_What you will do_.
Would you please transcribe the data in full and exactly, excluding images?

━━ Given data ━━

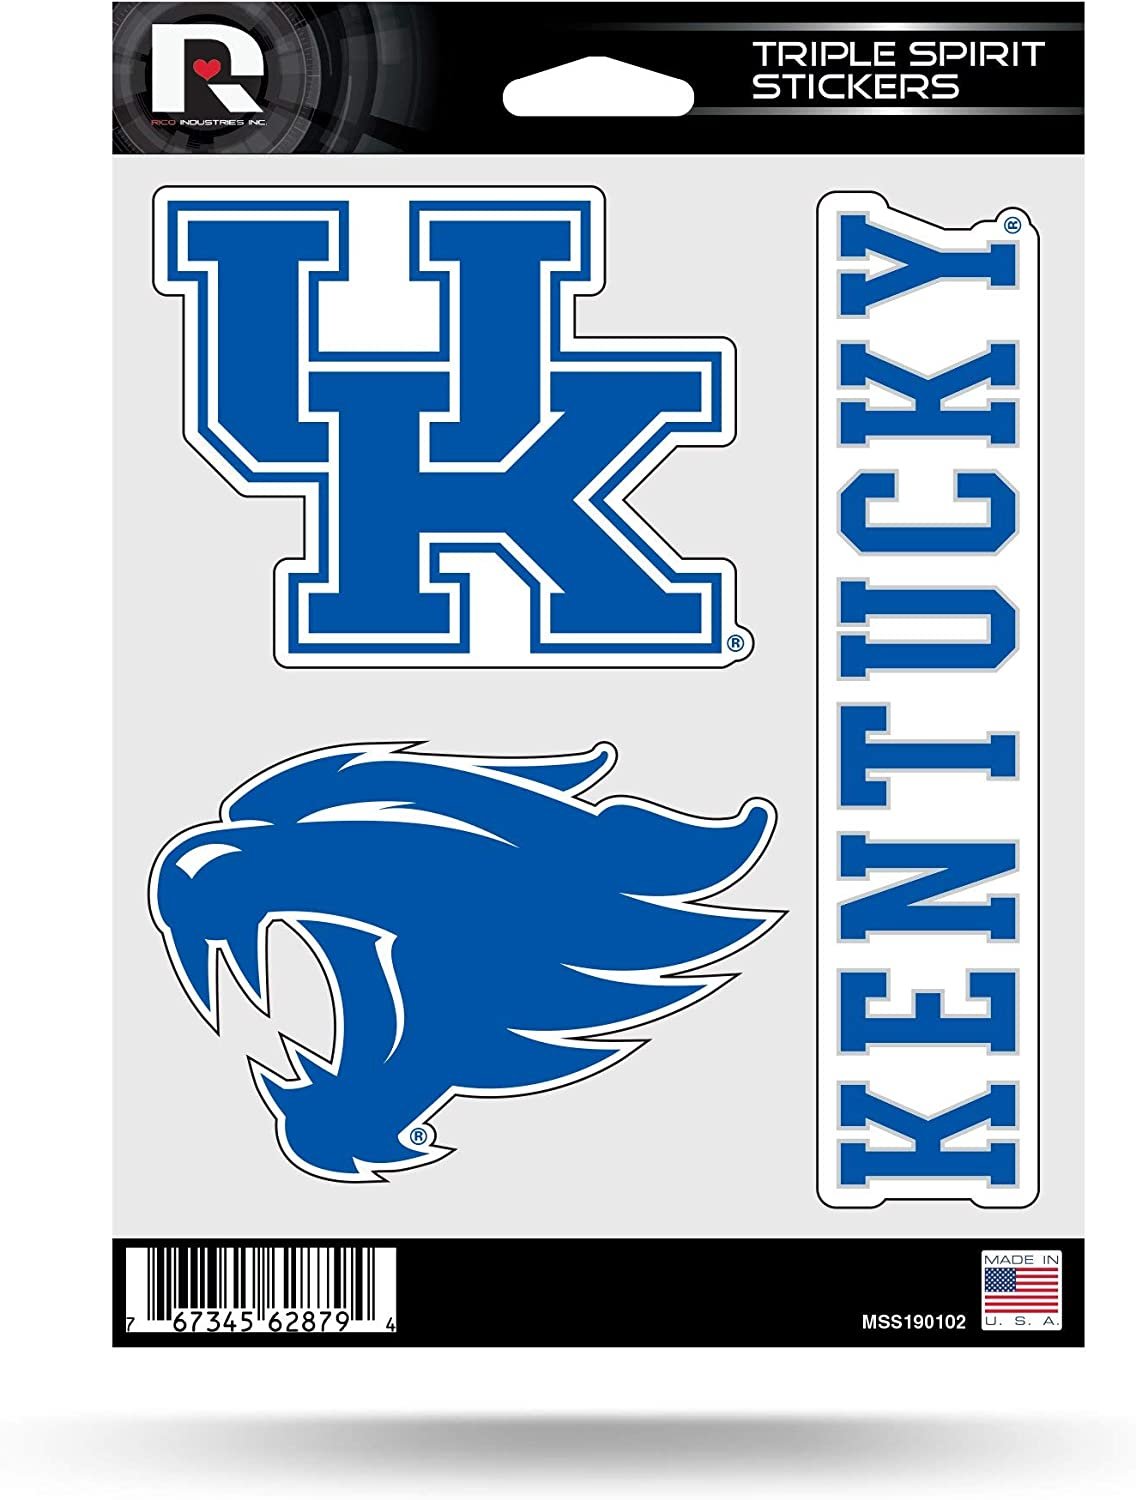 University of Kentucky Wildcats Sticker Decal Sheet 3-Piece Die Cut 5x7 Inch
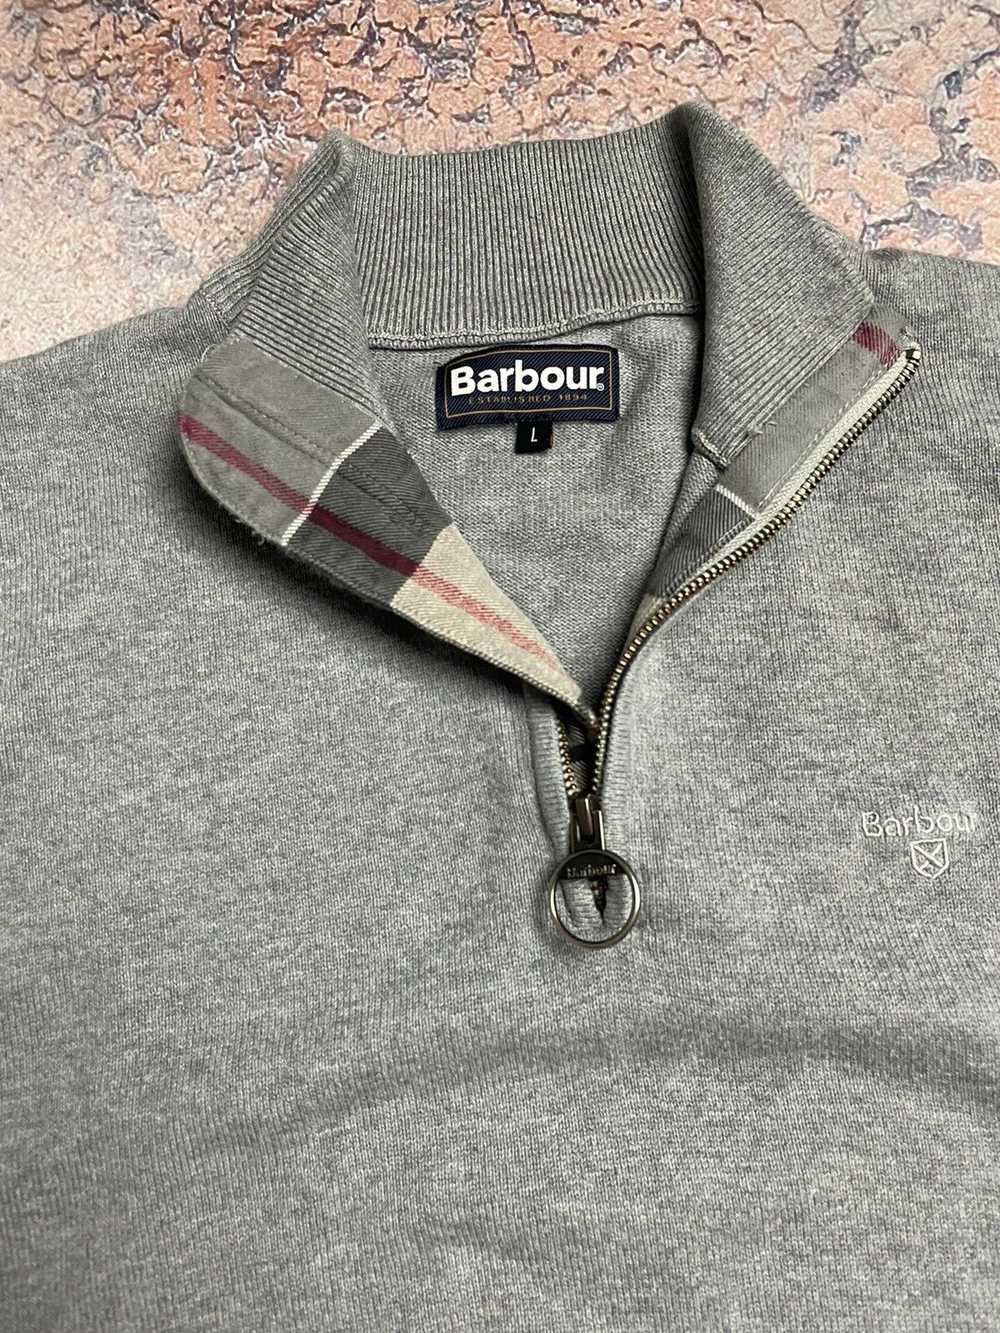 Barbour × Luxury × Vintage Vintage Barbour Sweate… - image 2
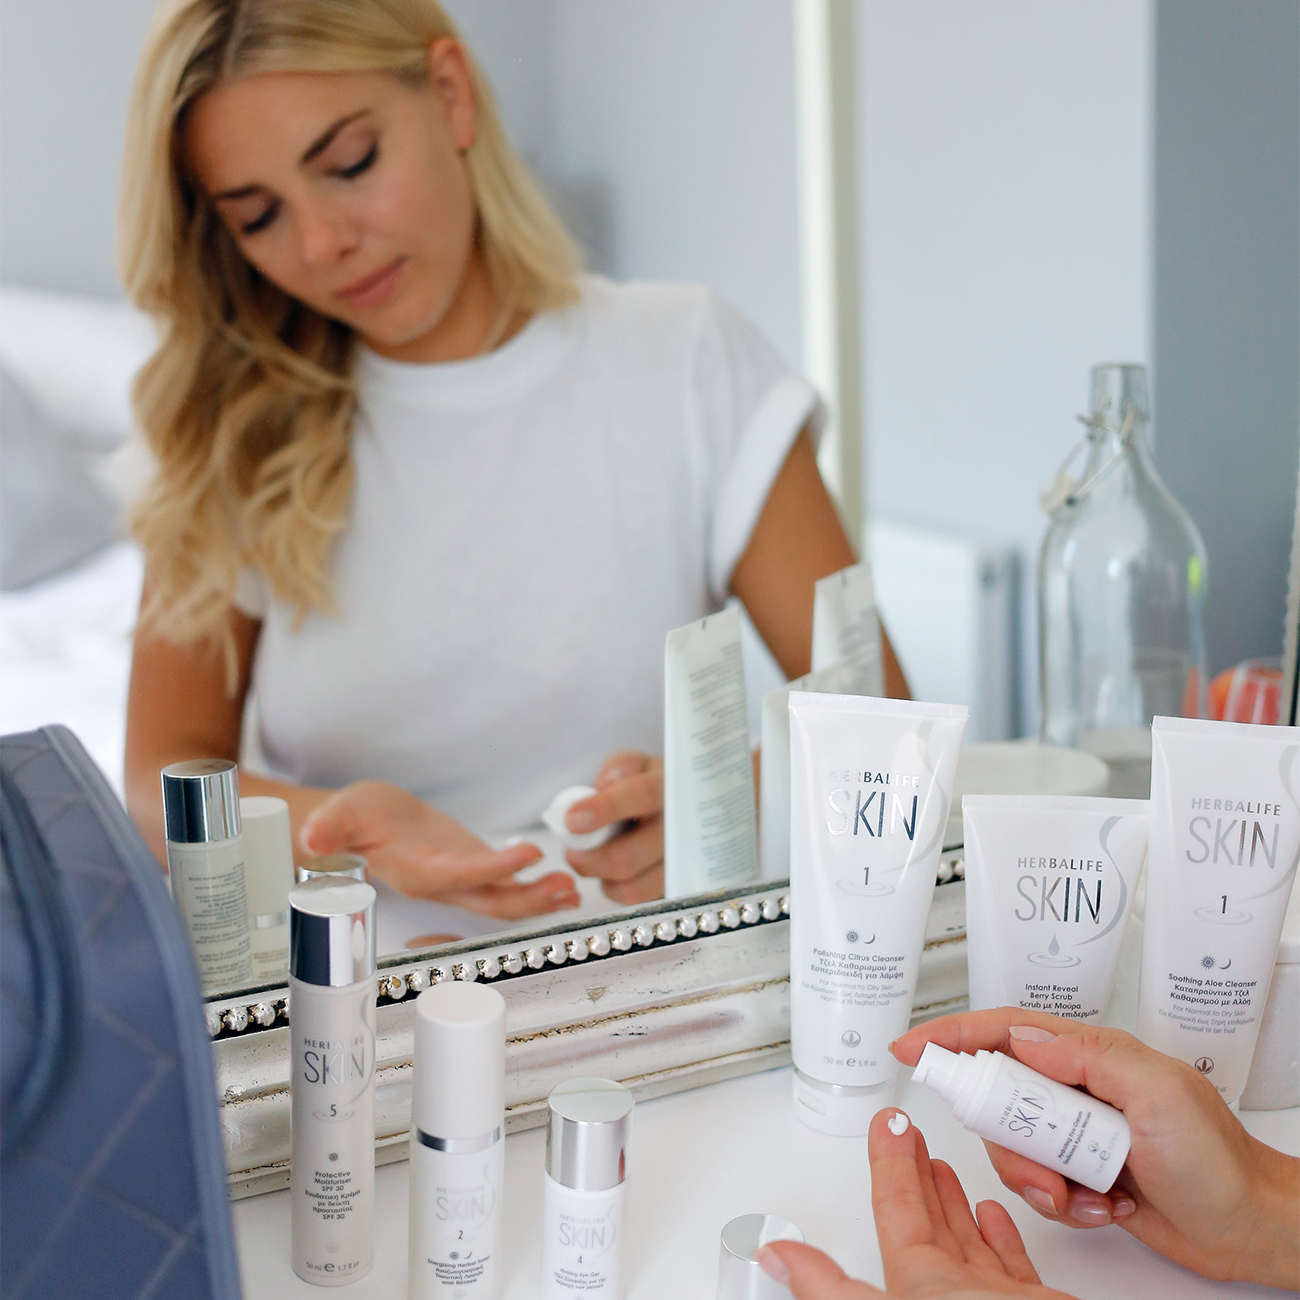 Billede: Kvinde i spejlet bruger Herbalife skin-produkter

━━━

_Task response_.
 University of Kentucky Wildcats Sticker Decal Sheet 3-Piece Die Cut 5x7 Inch
 Barbour × Luxury × Vintage Vintage Barbour Sweate… - image 2
 Billede: Kvinde i spejlet bruger Herbalife skin-produkter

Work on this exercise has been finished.